Liability for Prescription Drug Interactions

By Doug Stephan

What will a jury believe in terms of liability and damages when a patient claims harm against a healthcare provider for a drug interaction?

According to the law, a healthcare provider must exercise “ordinary” care in delivery of healthcare services. That means the provider must not engage in conduct that would create an “unreasonable” risk of harm to the patient. When this standard is not met, there is a “breach” of the healthcare provider’s legal duty, and the provider may be liable for damages to the patient.

When a patient sues his/her healthcare provider for injuries arising out of medical treatment, the cause of action is generally one for “medical malpractice.” The cause of action is the same when a patient complains that he/she has been injured as the result of a prescription drug interaction.

For the purposes of this article, a “drug interaction” is defined as an adverse reaction that occurs when two drugs chemically overlap. One example would be an elderly patient with psoriatic arthritis who takes Methotrexate as prescribed by her rheumatologist. Perhaps she is seen by her family medicine physician for a serious infection and is prescribed an antibiotic. After taking a couple days’ worth of the antibiotic, the patient becomes very weak and sick. She reports to the hospital where she is diagnosed with a rare, but serious, drug interaction between the Methotrexate and antibiotic. She files a lawsuit, claiming that her hospitalization resulted from the family medicine physician committing medical malpractice when he prescribed her the antibiotic.

Interactions may also exist between drugs and food as well as drugs and medicinal plants or herbs. There is increasing evidence that over-the-counter herbal and botanical supplements can interfere with a wide range of prescription medications.

For a plaintiff to succeed on a medical malpractice claim involving a prescription drug interaction, he/she must prove duty, breach of that duty, causation, and injury.

The first of these four elements requires the patient to prove that the prescribing physician owed a duty to the patient. This condition is almost always met where the physician has prescribed one of the drugs involved in the prescription drug interaction.

Once the presence of a duty is established, the patient must demonstrate that the physician did not act with ordinary care when prescribing the drug, and that the provider’s failure to do so was the direct cause of damage to the patient. In other words, the drug interaction must be caused by the physician’s actions and not some intervening act or condition.

Finally, the patient must prove that he/she has suffered “damages” as the result of the drug interaction. While some drug interactions might directly cause minor discomfort or inconvenience to the patient, the law generally confines itself to compensating serious harm, such as serious illness, or incapacitation, lost wages, and medical bills. 

With an ever-growing number of prescription medications available in the marketplace, the courts have seen a rise in medical claims arising from prescription drug interactions. How can a physician avoid being sued for medical malpractice arising out of prescription drug interactions? The following are some practical tips for keeping yourself out of court:

1. Conform your prescribing practices to the current standards of medical care.
Providing high-quality medical care is always the best defense against claims of medical malpractice.  With respect to prescribing medications, this means choosing a medication that is tailored to, and takes into account, all of the patient’s clinical conditions. Maintain an updated list of the patient’s current medications, including those prescribed by other physicians. This list should also include over-the-counter medications, supplements used by the patient, and alcohol/tobacco/illicit drugs. 
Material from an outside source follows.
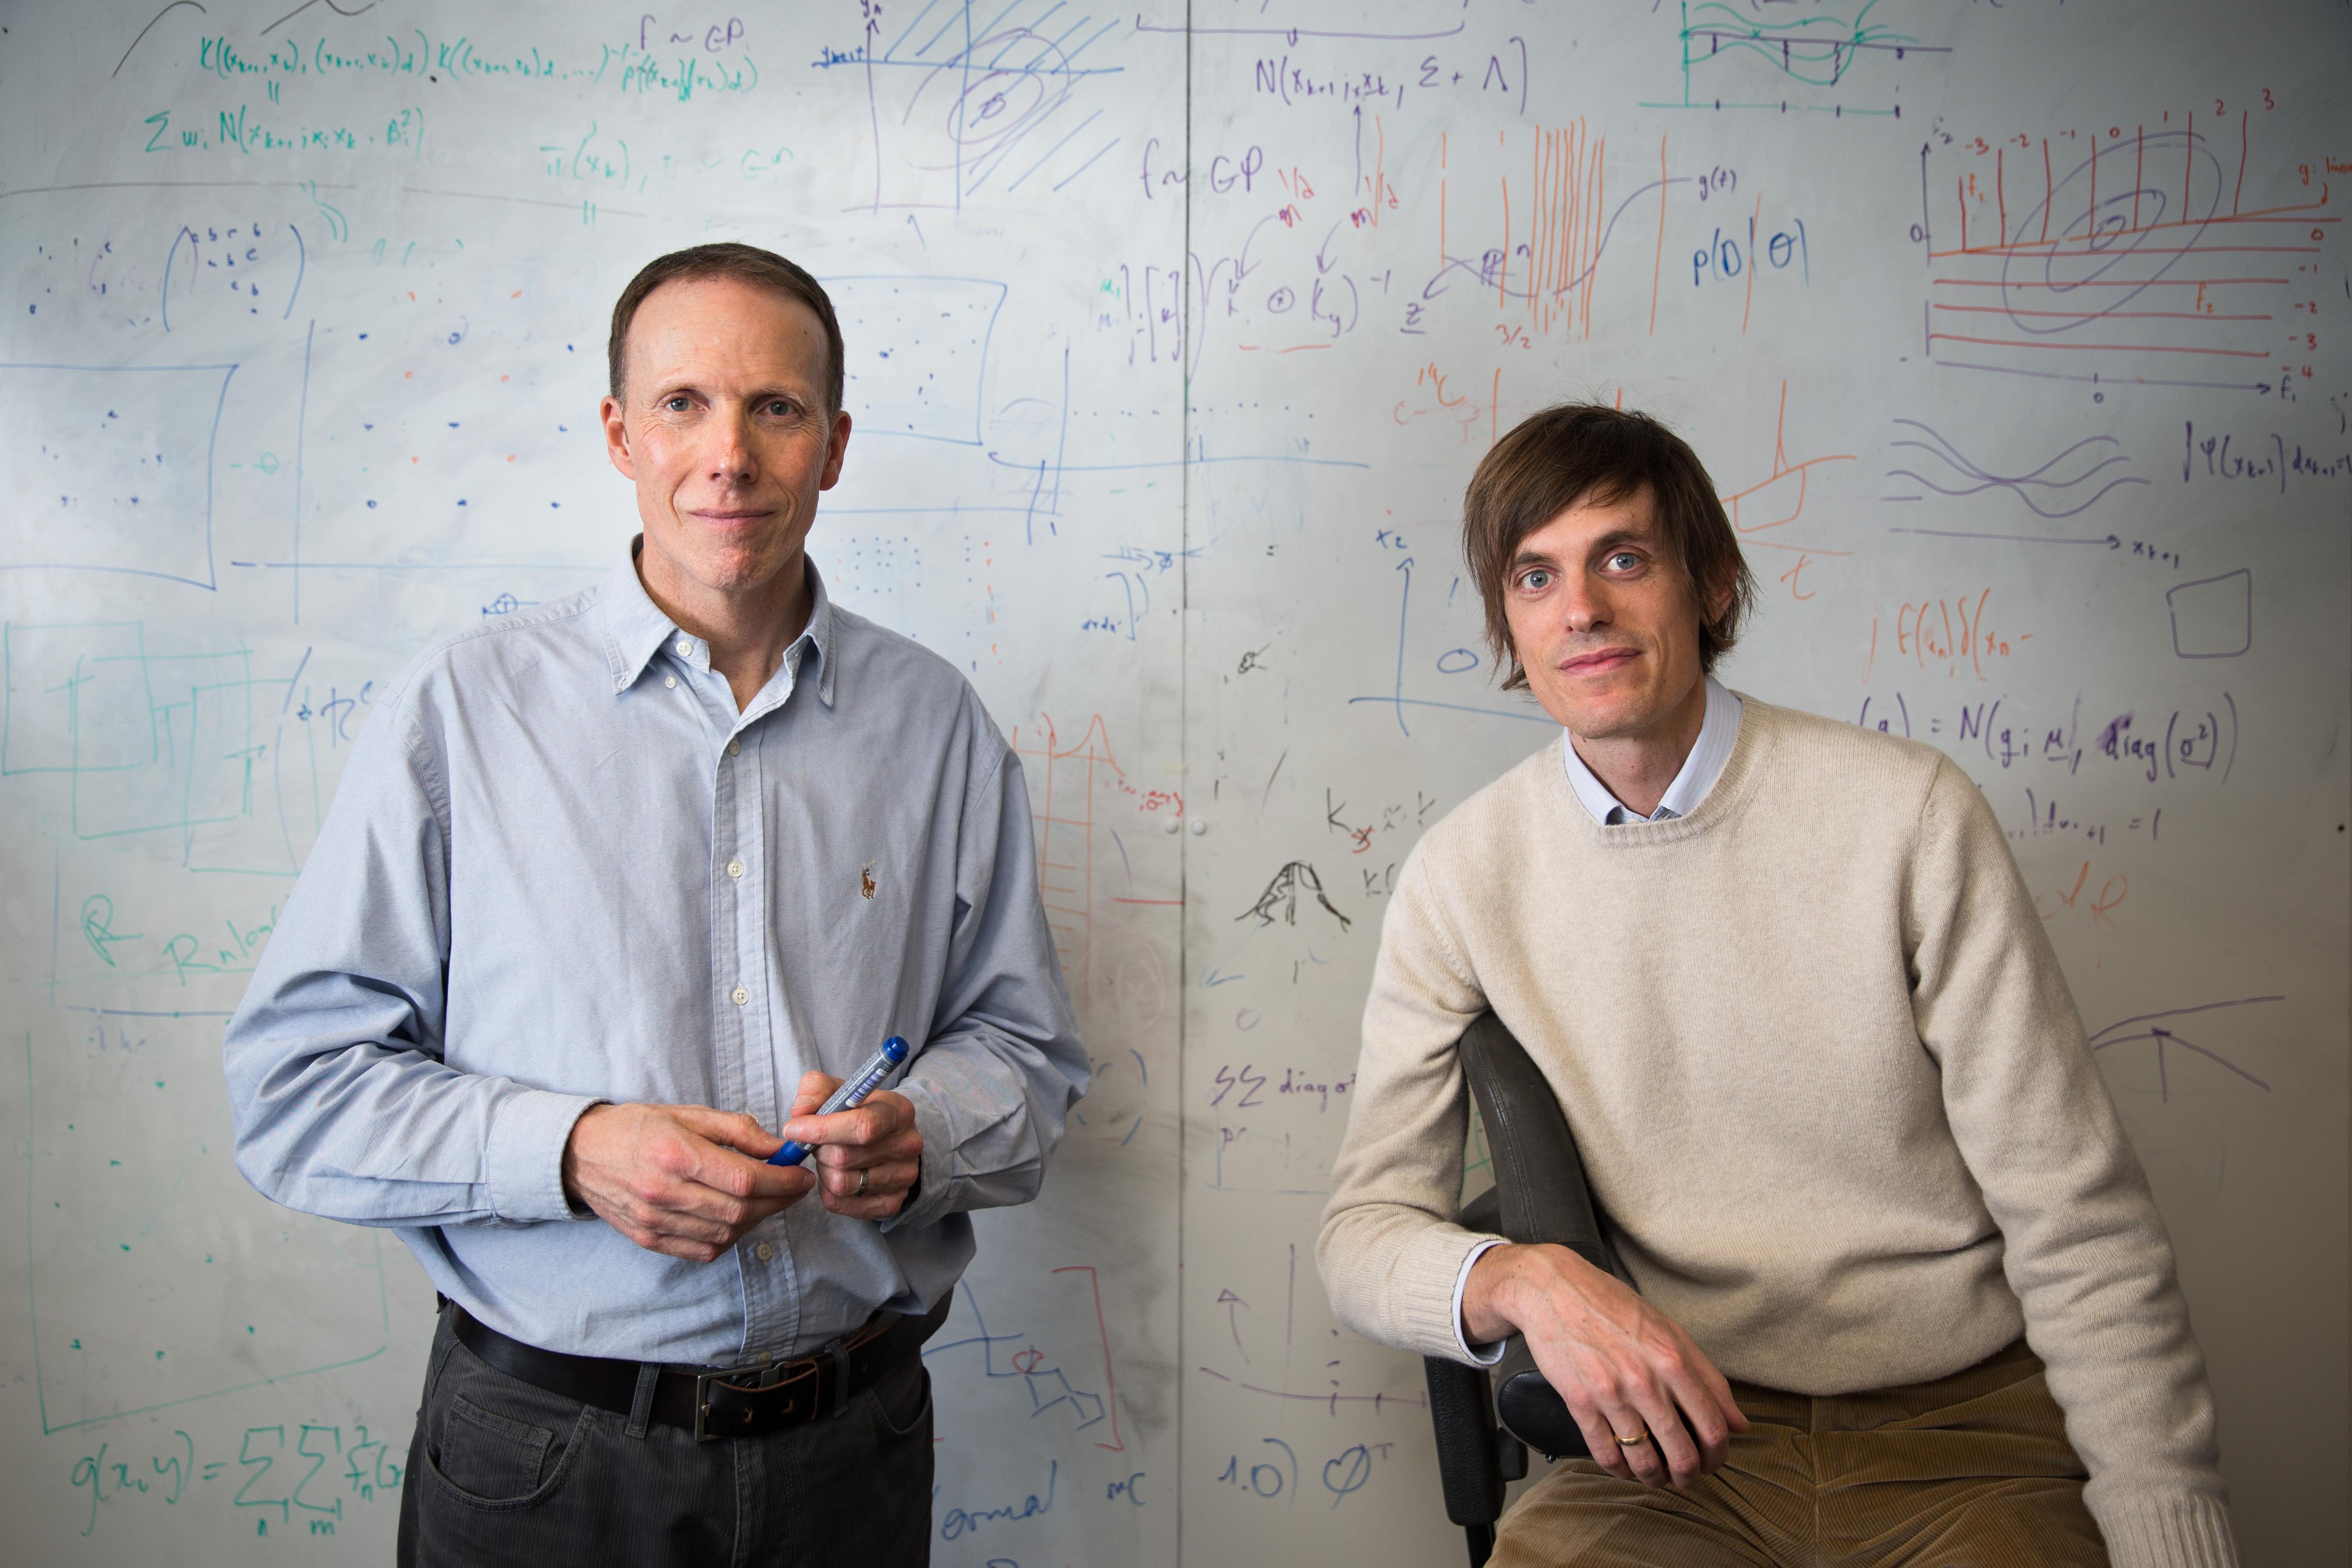 Oxford machine learning spinout unlocks big data insights

Physicians should make sure that lab work is ordered and reviewed prior to starting certain medications. Also, consider coordinating suspension of a medication used for a chronic condition if necessary to achieve immediate short term relief of an acute condition (e.g. infection).

2. Maintain accurate and detailed documentation of prescribing practices.
Proper documentation of prescription drug interactions is critical in the defense of malpractice claims. Physicians must document what service was provided, when and by whom it was provided, and the medications prescribed, including the dose, directions and number of refills provided. Most physicians are careful to weigh the reasons for choosing one medication over another; unfortunately, they may neglect to document these reasons in the patient’s medical record. A well-reasoned choice on the part of the physician may tend to prove that he or she acted with ordinary care.
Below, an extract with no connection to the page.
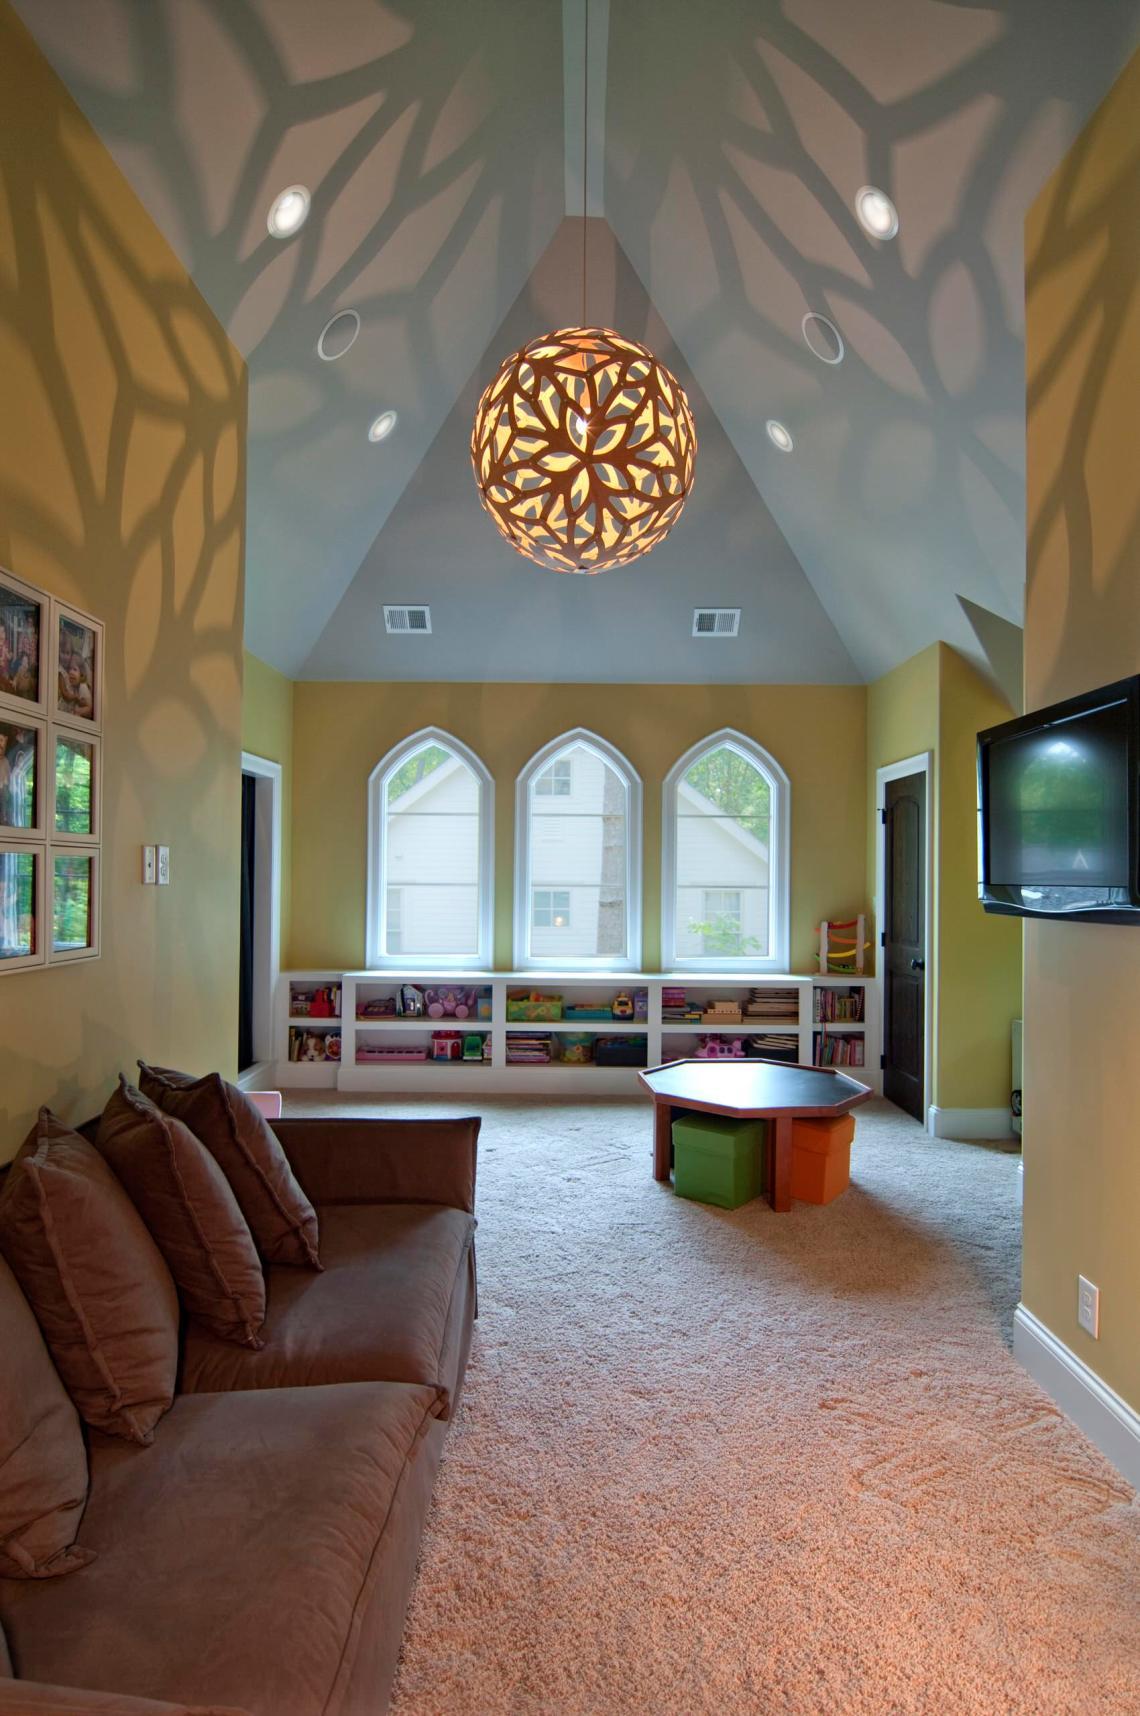 Vaulted Ceiling Kids Room Ideas Photos Houzz

3. Engage in interactive informed consent discussions that allocate appropriate responsibility to the patient.
All good physicians educate their patients about new treatments and medication, but the depth of that education varies according to several factors. All patients should be told the common side effects of a drug and the potential for interaction with other drugs the patient is taking. The patient should also be told if alternative treatments are available. The patient should also be strongly encouraged to read the package insert and to call the physician or pharmacist with any questions. Finally, the patient should be advised to seek medical attention if serious side effects occur. In short, the patient must make a knowing, voluntary and competent decision regarding his medical care, and this includes the decision to accept or decline a medication.

The question may be asked whether the physician provided enough information based on the standard of care and was it conveyed to the lay person in a manner in which the lay person would understand it. The prescribing physician is generally guided to disclose the patient’s diagnosis, the proposed treatment, the consequences of accepting or declining the treatment, and existing alternatives to the treatment proposed. All discussions should be noted in the patient’s record.